If Frederick Wiseman doesn’t come quickly to mind when you’re contemplating the living legends of American filmmaking, you need to recalibrate your understanding of the 95-year-old documentarian behind Titicut Follies (1967), High School (1968) and dozens of other features, including his most recent one, Menus-Plaisirs, les Troisgros (2023).

There’s no better way to do that than to watch and rewatch his movies. For the past four years, there has been an enjoyable incentive to do just that while following along with one of the best and most serious cinephile podcasts out there. Wiseman Podcast brings guest scholars, critics and filmmakers (including, on two episodes so far, Wiseman himself) to discuss his multifaceted films. If that sounds like too much of a commitment, one of the co-hosts, Arlin Golden, lives in San Francisco and has spearheaded a manageable seven-title retrospective devoted to Wiseman at the Roxie this Spring.

Cherry-picking choice titles from 32 of the Wiseman films shot on 16mm—newly available in 4K restorations that were recently shown in near-complete retrospectives in New York, Chicago and Los Angeles—Golden has built on his experience programming (mostly) short films at Oakland’s annual Drunken Film Festival to present a carefully-curated introduction for the Wiseman newcomer. But the series should also lure the filmmaker’s longtime Bay Area fans to check out some of their favorites in visually sparkling new editions.
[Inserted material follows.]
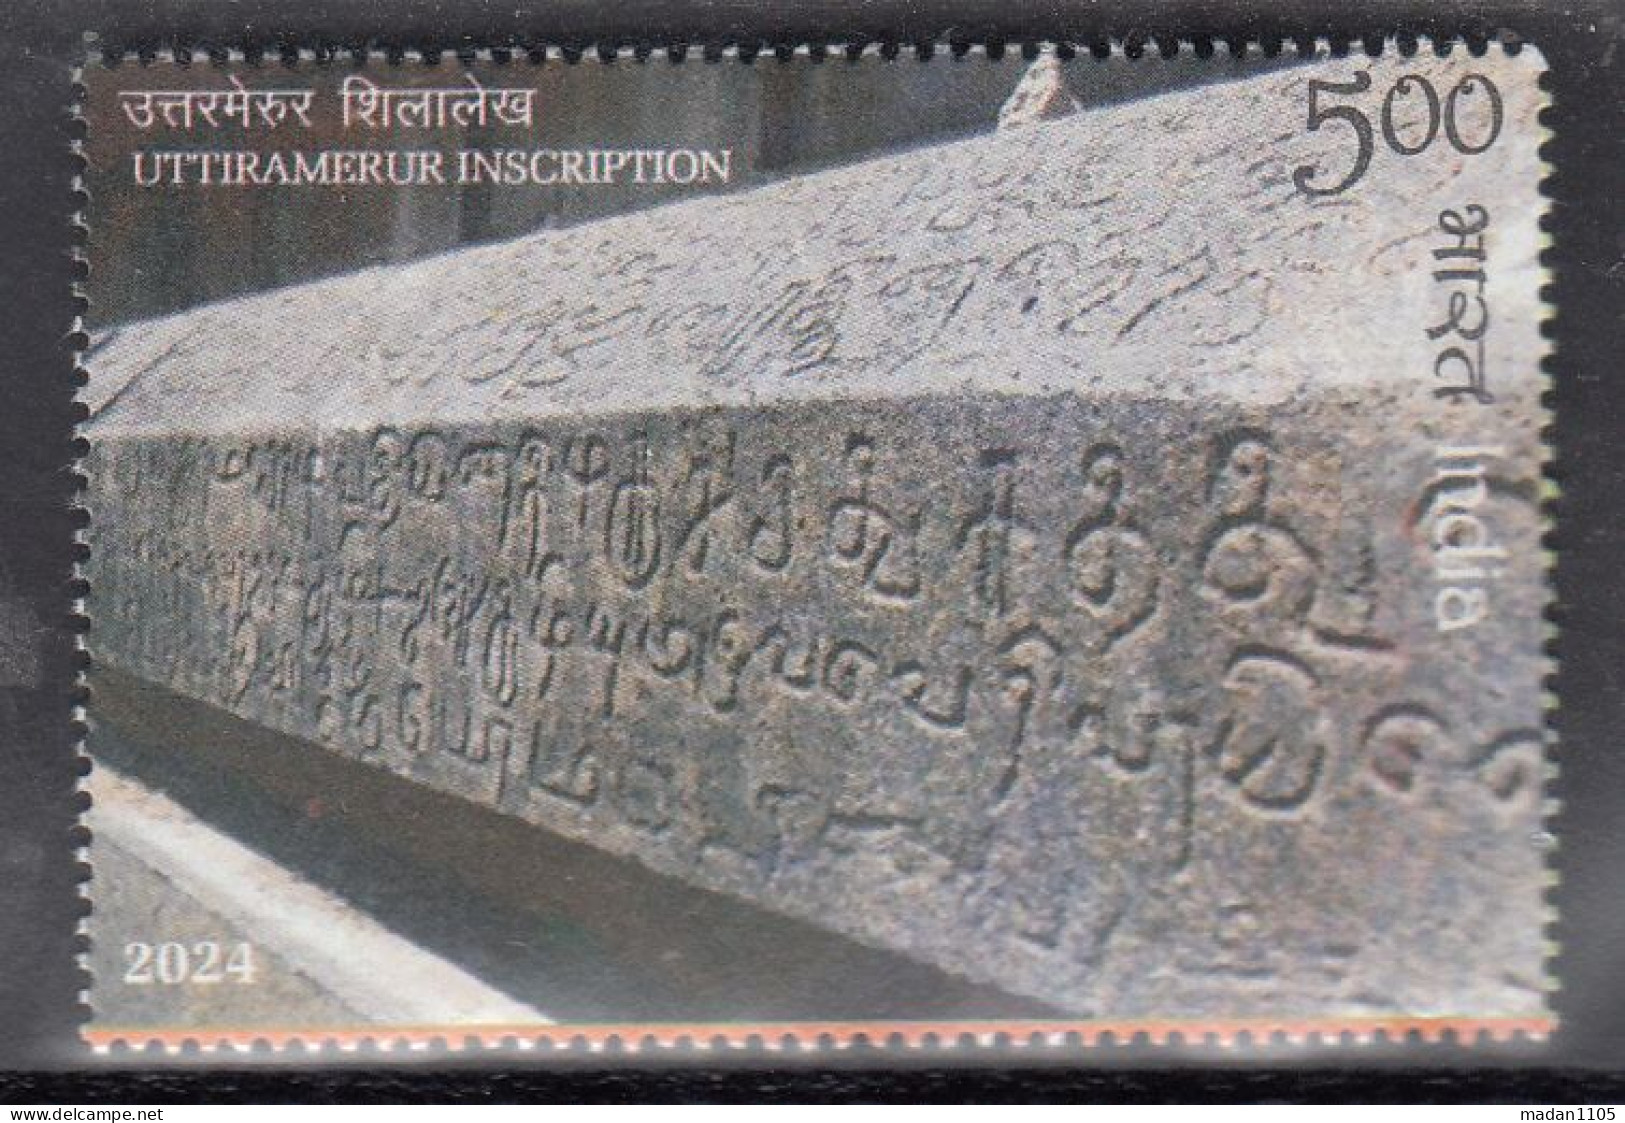 INDIA, 2024, Bharat - The Mother Of Democracy, Uttiramerur Inscription,   1 V,   MNH, (**) - Neufs

Titled “THIS IS AMERICA: Frederick Wiseman – 7 Dispatches,” the series is bracketed by two Manhattan-set masterpieces: the fast-paced and self-reflexive Model (1981), and his first epic-length (over two-and-a-half hours) film Welfare (1975). The series also includes two of Wiseman’s three National Film Registry inductees: his controversial debut Titicut Follies and the ‘60s hangover Hospital (1970). There’s also the first two of his many politically-minded “community” films, Canal Zone (1977) and Aspen (1991). And, later in the program, there’s Deaf (1986). This film is part of one of Wiseman’s most under-screened series, the “Talladega Tetralogy,” filmed at the Alabama Institute for the Deaf and Blind half a decade before the Americans With Disabilities Act was signed into law.

I recently spoke to Golden over tele-conferencing software. Our conversation has been edited for clarity and brevity.

Brian Darr: The Roxie seems like the ideal venue for a Frederick Wiseman revival in 2025. Did you approach them, or did they reach out to you?

Arlin Golden: I've been feeling immense guilt about not traveling to any of the three major markets that are doing the retros, especially back home to Chicago, or down a few hours drive to LA. I’d been trying to take people's temperature in various venues around the Bay about bringing them here. Through Drunken Film Fest, I got connected with Lex [Sloan] at the Roxie and brought this up organically. These retrospectives are happening all around the country. There are some cities that are doing a more curated program. The time is now; we need to do something here.

I convinced them enough that they moved things along, connected me with Rick Norris, the self-described Wiseman fan on the programming team there, and we got cooking. They had some ideas about certain films they were interested in, and I had my own ideas that I presented in response to that. I thought there were some glaring omissions and some things that, I thought, might have better alternatives. But ultimately, the edict from the Roxie was ticket sales. Knowing the cataclysmic state of movie theaters in the Bay since Covid, and that every screening needs to be profitable, I offered a top eight, and then a backup eight. Out of those, they picked the seven.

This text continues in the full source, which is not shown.